Candie asked muzzily.
"Candace
Van Allen," Jay said with as much force as she could muster, "You
have been charged with crimes against canon, first and foremost the
pushing-out-of-character of Elrond Peredhil and his
children, followed closely by putting Mirkwood next to Rivendell, putting a
RAIL in Rivendell, making Legolas say "OK," making ELROND say
"OK," putting a rail where no rail ought to be just so you can
skateboard, in text author's notes, shockingly annoying songs..." Jay
sighed and sagged. "Rhus? You got anything?"
Rhus
nodded. "Umm...pulling on the ears of elves, making pointy ears more
important than they deserve to be, being stupid, having purple hair, annoying
the living shit out of me by having irritating background music, and being far
too angsty to remain living."
"Also
misuse of a dreamcatcher," Jay said firmly.
Candie
looked angry. "You can't kill me," she declared resolutely. "I
have to go along with the Fellowship. Even though...I don't want to...it's all
that Elrond's fault, I hate him..."
This
was, undoubtedly, the wrong thing to say.
Jay shut
her eyes for a moment, and took a deep breath. "....quiet."
She
glanced at Rhus. "It was your idea; you get the honor."
Rhus
took a deep breath, and did the most convincing elephant impression she could
muster. This was a talent she'd spent years acquiring, and it had been honed to
perfection. Jay could have sworn that it wasn't a human sound, but there Rhus
was trumpeting away...
Before
long, a huge grey shape appeared in the distance, making its way quickly across
the Haradri desert. "Perfect," Rhus
muttered, grinning.
"Do
we need to restrain her?"
Rhus
nodded. "I think so."
Jay
stirred herself, took off her pack, and produced some rope. "Handy stuff,
this. I'm getting out of the way." She fumbled in the bag again, pulling
out her camera. "And getting to where there's a good view."
They
tied the struggling Candie down, and relocated to a suitably distanced spot.

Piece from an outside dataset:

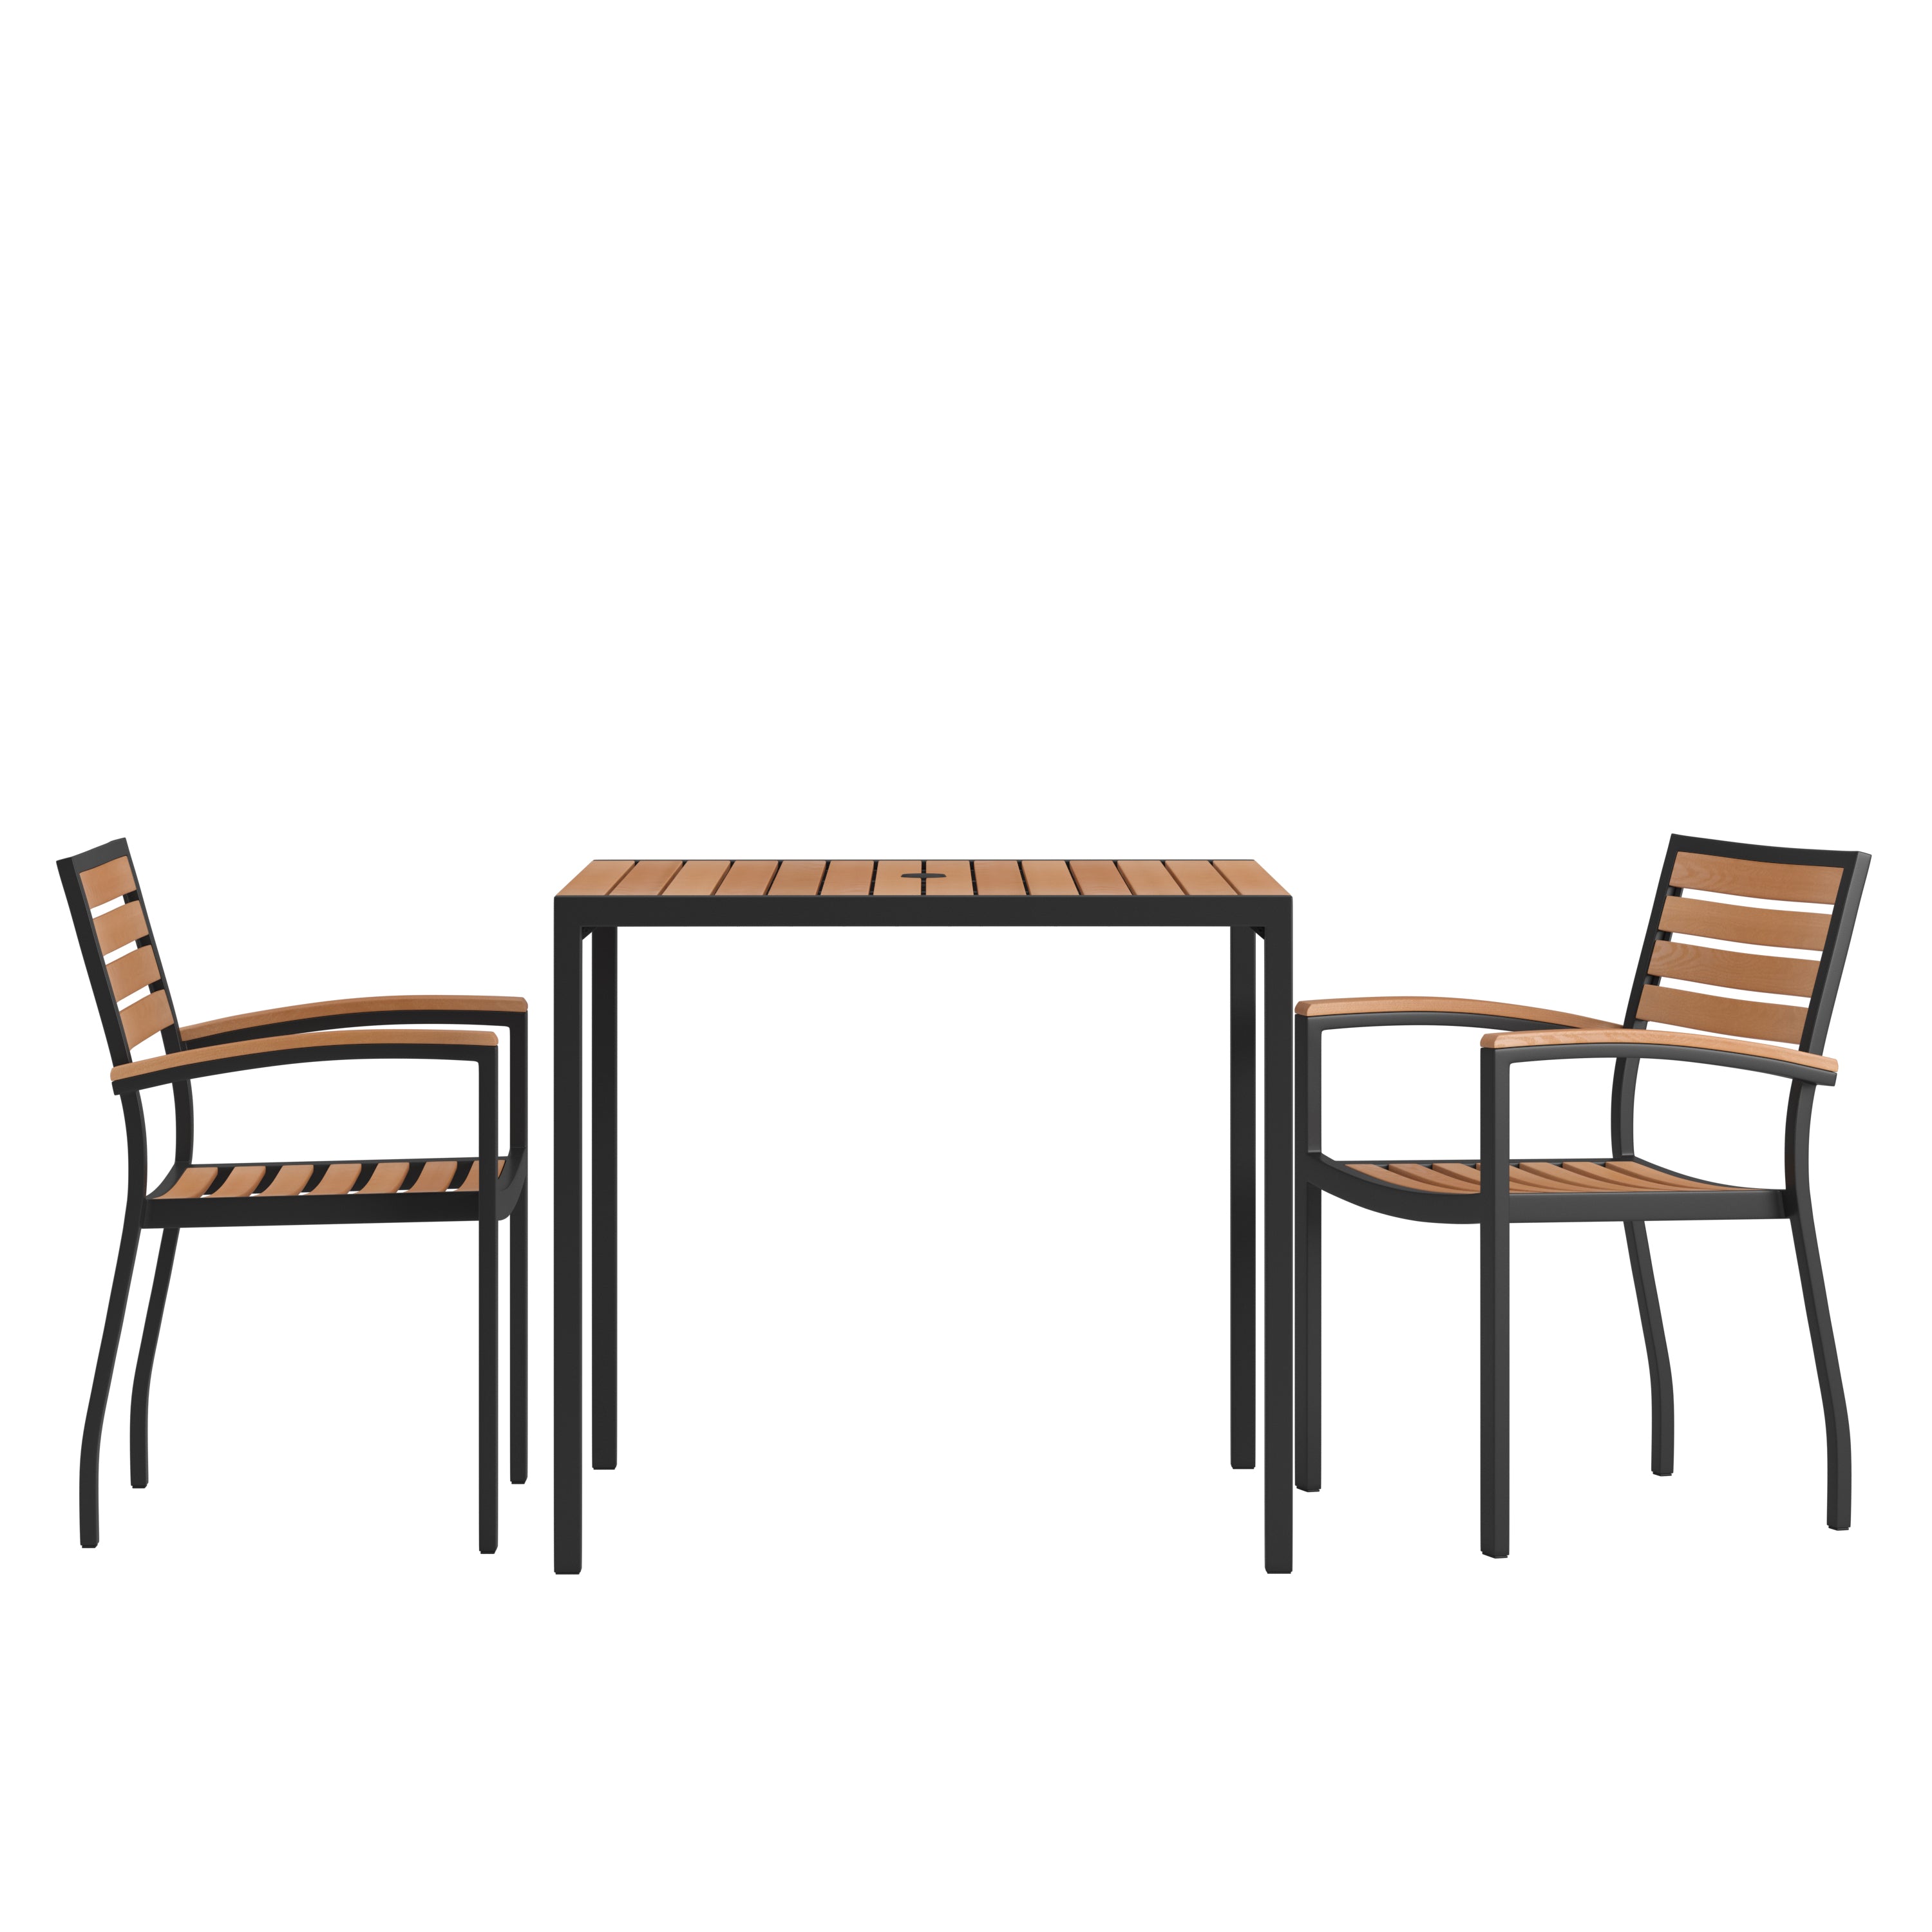 Lark 3 Piece Outdoor Dining Table Set - Synthetic Teak Poly Slats - Lark 3Lark 5" Square Steel Framed Table with Umbrella Hole - 2 Club Chairs-Patio Table and Chair Set-Flash Furniture-Wall2Wall Furnishings

Rhus took out some popcorn from her backpack, and they settled back to watch.
"Cute
little crushing machine," Jay cooed, snapping a picture. "Such
darlings. I never get to see them, either."
"And
they're quite efficient!" Rhus enthused. "Oooh,
I love Harad."
"Bit
hot for my taste," Jay said. "Have you been to Beorn's?"
Rhus
shook her head. "We didn't have much time for vacations in Bad Slash.
Honestly, you've no idea how busy it was in that department after the movies
came out..." she paused, considering. "Or, well, perhaps you
do."
"Yeah.
Hurra, pop sensations. Real-people-fic took a heavy
hit, too, what with all the smoke-crack, Elijah, so-I-can-comfort-you
fics…" Jay yawned. "Show's over. Let's go home and find a nice home
for the bad.”
"Let's."
Rhus opened the portal and the two stepped through.
END
[Jay’s A/N: And Candie the Sk8er girl dies a heavy and painful death.

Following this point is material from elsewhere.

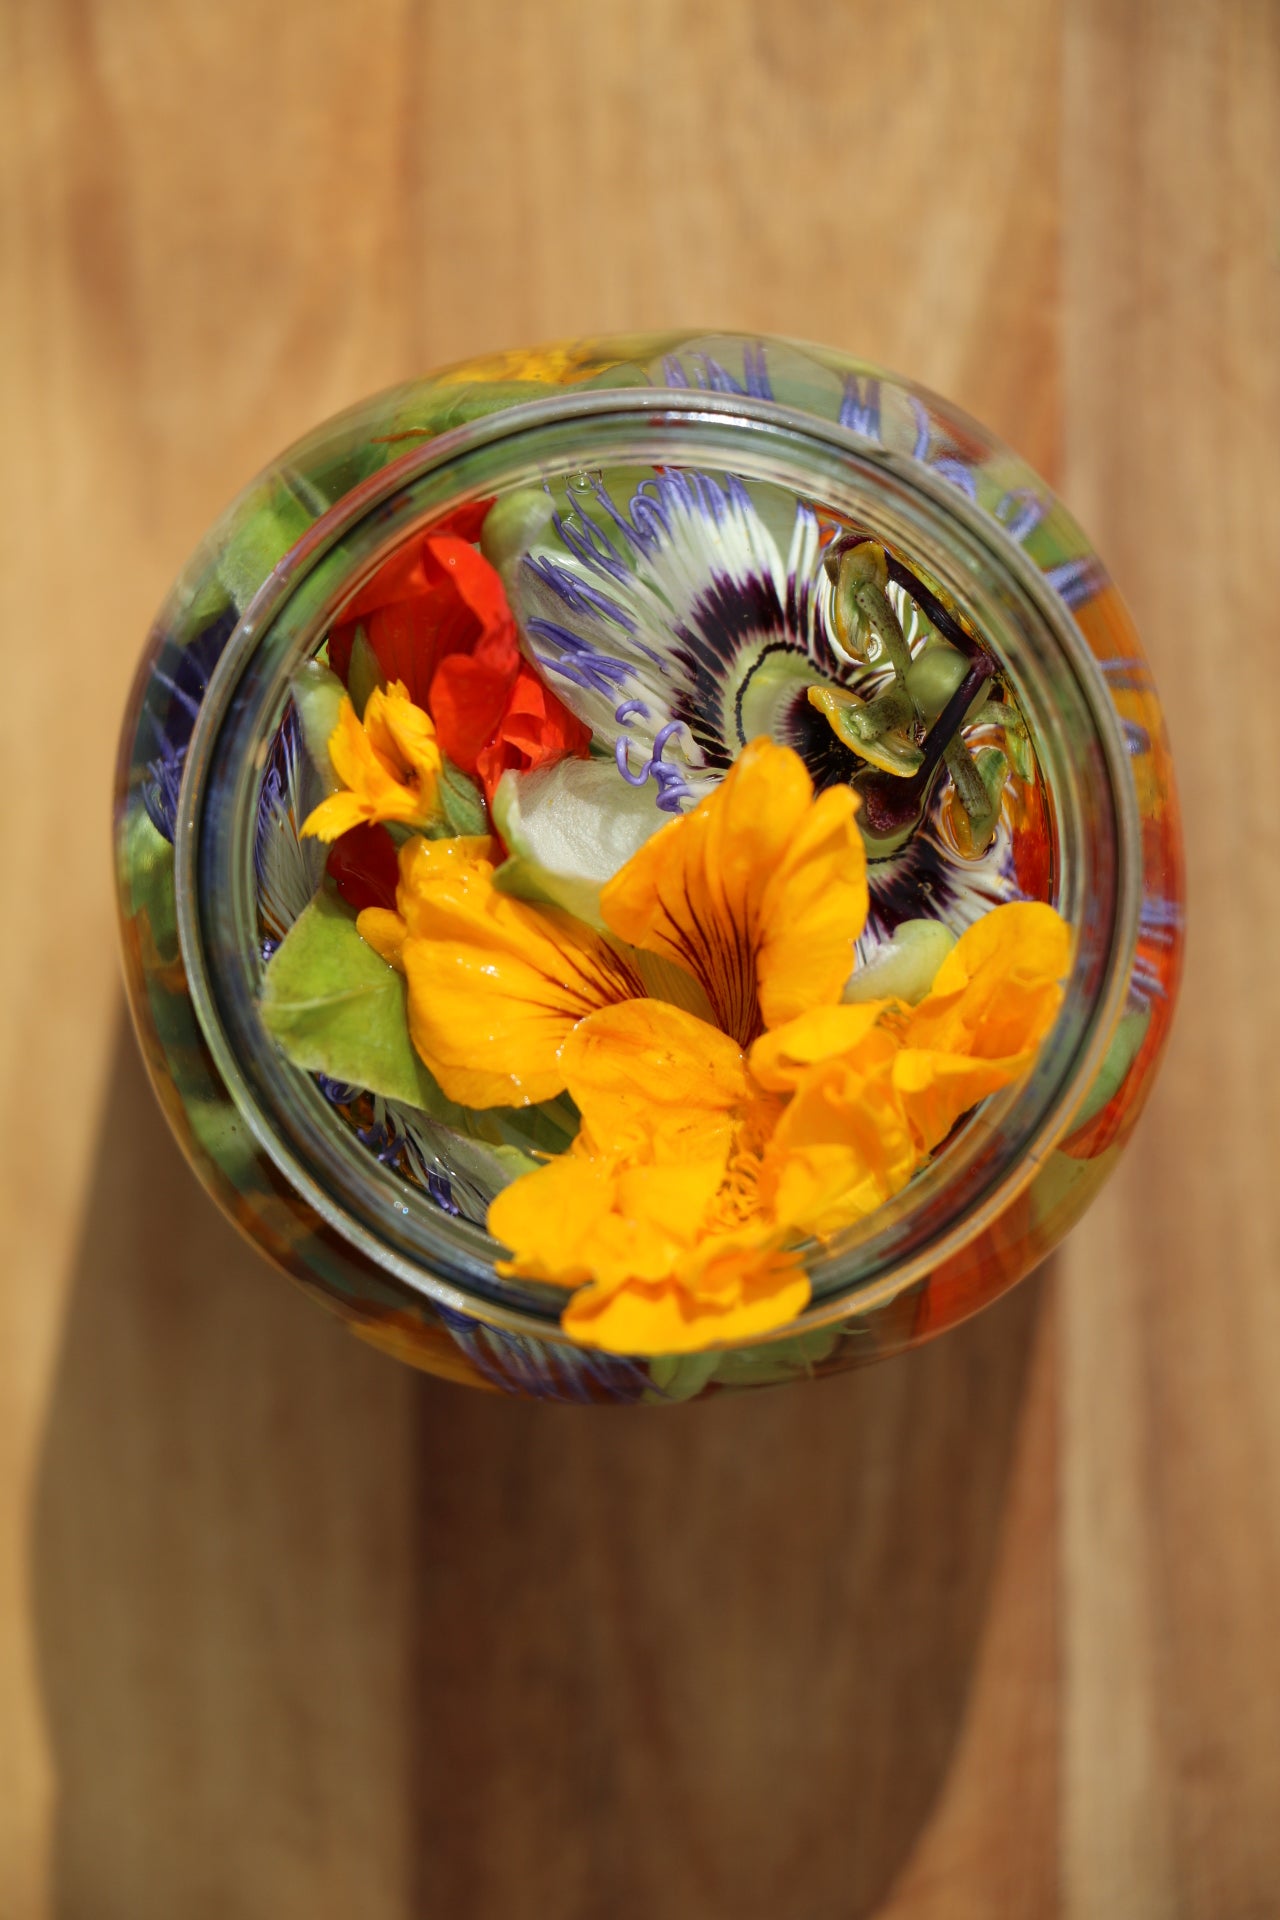 how to prepare a flower tincture at home

What bothers me is that it got better towards the end—writing a little
less purple, and definite knowledge of the book—but she just ran right along,
mucking up the characters so she could go on the fellowship. If you can’t have your OFC join plausibly…
*sigh* Bah. Humbug.
Banding in the stushes is not a typo, it’s a
spoonerism.
I’m trying to be perky, I’m trying to be perky…]
[Thalia/Rhus' A/N: Well, this was a
particularly turgid piece of fiction. The soundtrack was decidedly
irritating... x_X And, never fear, the bad has found
a place of honor in the response center. ^^;; Iss kyoot. Great working with Jay as usual (am honored
)......*blink* So....erm..........is that a [bip] I hear?]